Amazingly, it appears not even law enforcement or national security bodies can see your messages if Wickr is used. Mashable reported that ,”…the main difference between the two Apps, and the reason Wickr is more ambitious than Snapchat, is that it encrypts all messages, striving for perfect privacy and security. Wickr doesn’t just want messages to disappear once they are sent. Wickr doesn’t want anybody, including the App itself, to know what your digital correspondence contains…” (Mashable 2013) Clearly indicating that privacy is paramount with Wickr.
Voors in in his paper wote: (Whilst reading Voors article, it must be remembered that is was writen in 2003 and it is important to reflect how we communicate in 2013 in this digital age as digital natives).
“The Federal Bureau of Investigation (“FBI”) identified Zacarias Moussaoui as a possible “last-minute” substitute and likely the twentieth hijacker in the September 11 atrocity.2 After training at one of Osama bin Laden’s terrorist camps in Afghanistan, Moussaoui moved to London a year before the attack. Ramzi Bin al-Shibh, an al Qaeda member, flew to London immediately before Moussaoui left for his mission.3 Al-Shibh, who roomed in Germany with Mohamed Atta, the mastermind of the September 11 attacks, tried to obtain an American visa four times between May and October but was denied each time.4 Needing a replacement, al-Shibh is thought to have briefed his close friend, Moussaoui, of the situation. Moussaoui is believed to have then traveled to the United States in al– Shibh’s place.5 Once in the United States, Moussaoui deposited $32,000 in cash into a new bank account and began taking flying lessons in Norman, Oklahoma.6 Later, Moussaoui received $14,000 from al-Shibh who also had wired money to Marwan al-Shehhi,7 Atta’s nephew and the terrorist who piloted United Airlines Flight 175 into the South Tower of the World Trade Center.8
Given all this, it was not until Moussaoui moved to Minneapolis, Minnesota, that warning bells started to ring. Moussaoui enrolled at the Pan Am International Flight Academy in Minneapolis to be trained in flying the bigger jumbo jets,9 specifically 747s.10 While training on simulators at the flight school, he informed his instructors that “[h]e wanted to concentrate only on the midair turns, not the takeoffs and landings.”11 The flight school notified the FBI about this suspicious behavior, and that agency later arrested Moussaoui for remaining in the United States on an expired visa.12
Although the FBI arrested Moussaoui, who otherwise might have been a pilot in the September 11 attacks, authorities failed to detect the other terrorists.
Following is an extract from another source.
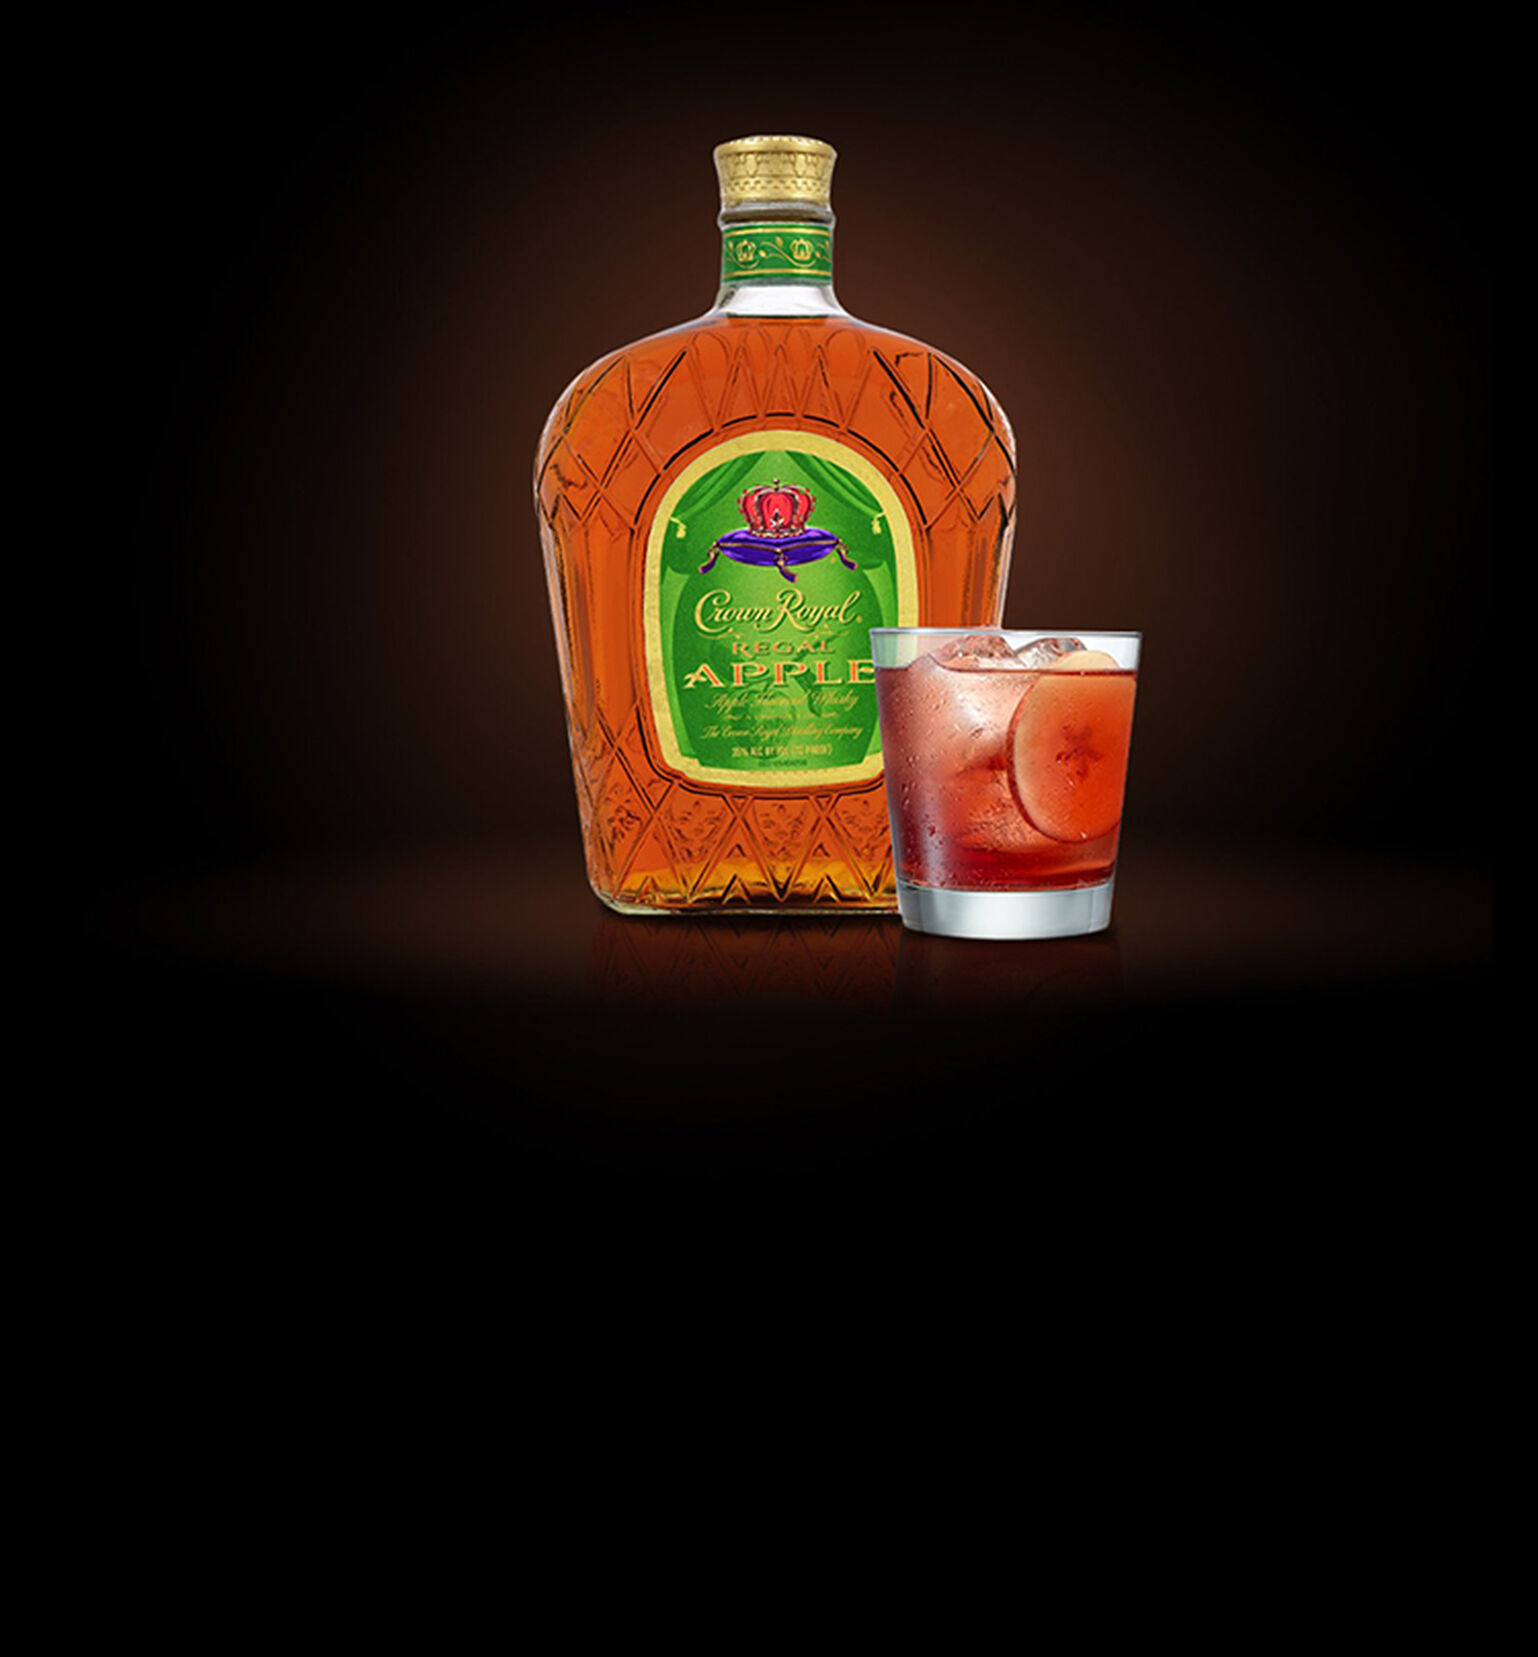 The Crown Royal Apple Crownberry Apple Cocktail

The U.S. authorities failed to discover Mohamed Atta, Waleed al-Shehri, Wail al-Shehri, Abdulaziz al-Omari, and Satam al– Suqami, who flew American Airlines Flight 11 into the North Tower of the World Trade Center.13 Similarly, they failed to detect Ahmed al-Ghamdi, Marwan al-Shehhi, Fayez Ahmed, Mohald al-Shehri, and Hamza al– Ghamdi, who hijacked and aimed United Airlines Flight 175 into the South Tower of the World Trade Center.14 Authorities never discovered terrorists Khalid al-Mihdhar, Nawaq al-Hamzi, Hani Hanjour, Salem al-Hamzi, and Majed Moqed, who directed American Airlines Flight 77 into the Pentagon,15 or Saeed al-Ghamdi, Ziad al-Jarrah, Ahmed al-Nami, and Ahmed al-Haznawi, who commandeered United Airlines Flight 93 that crashed in Pennsylvania, but allegedly attempted to hit the White House.16
In the wake of the September 11 attacks, many Americans are asking the same question: How could U.S. authorities and intelligence agencies fail to detect the September 11 plot? With the exception of a few of the terrorists, they were young and needed direction.17 They needed money to carry out their missions and, most importantly, they needed intelligence to help plan and coordinate that fateful day. Where were the communications between the leaders in Afghanistan and the terrorists here in the United States? Where were the communications that would have signaled the intelligence agencies that an attack on the United States was imminent? Even now, a year and a half after the attack, the question of how the terrorists communicated remains a mystery.18
Newspapers and magazines quickly pointed the finger, but many could not conclude who was to blame.19 They have, however, noticed one common thread that runs through many of the FBI reports from both before and after the terrorist attacks on September 11-the Internet played a key role in planning the terrorist attacks.20
This Note argues that although privacy and economic concerns have ruled the encryption debate during the past decade, the move toward increased privacy on the Internet and relaxed encryption regulation, designed to promote electronic commerce (“e-commerce”), comes at the expense of national security and the protection of Americans’ safety. Part II of this Note provides background on encryption. In particular, Part II explains encryption and details its use throughout history. Additionally, Part II examines how businesses use encryption to secure their communications and financial transactions on the Internet. This Section also observes that this technology is employed by terrorist organizations to accomplish the same goal: to send private communications. Part III details the history of encryption regulation during the last decade and addresses why the government has relaxed its stance even though encryption ultimately poses such a threat. Part IV analyzes whether encryption regulation will provide the intelligence community the tools to deal with terrorists who are now technologically savvy, or whether regulation will hurt the nation’s already wounded economy. Part V examines Magic Lantern, cutting-edge technology developed by the FBI that effectively incorporates the privacy benefits of encryption while still providing Americans protection in this new era of terrorism. More specifically, Part V will argue this new technology should be implemented because it balances privacy and economic concerns with national security needs. Finally, Part VI will conclude by proposing the adoption of the FBI’s new technology as a way to protect privacy and economic concerns while ensuring national security.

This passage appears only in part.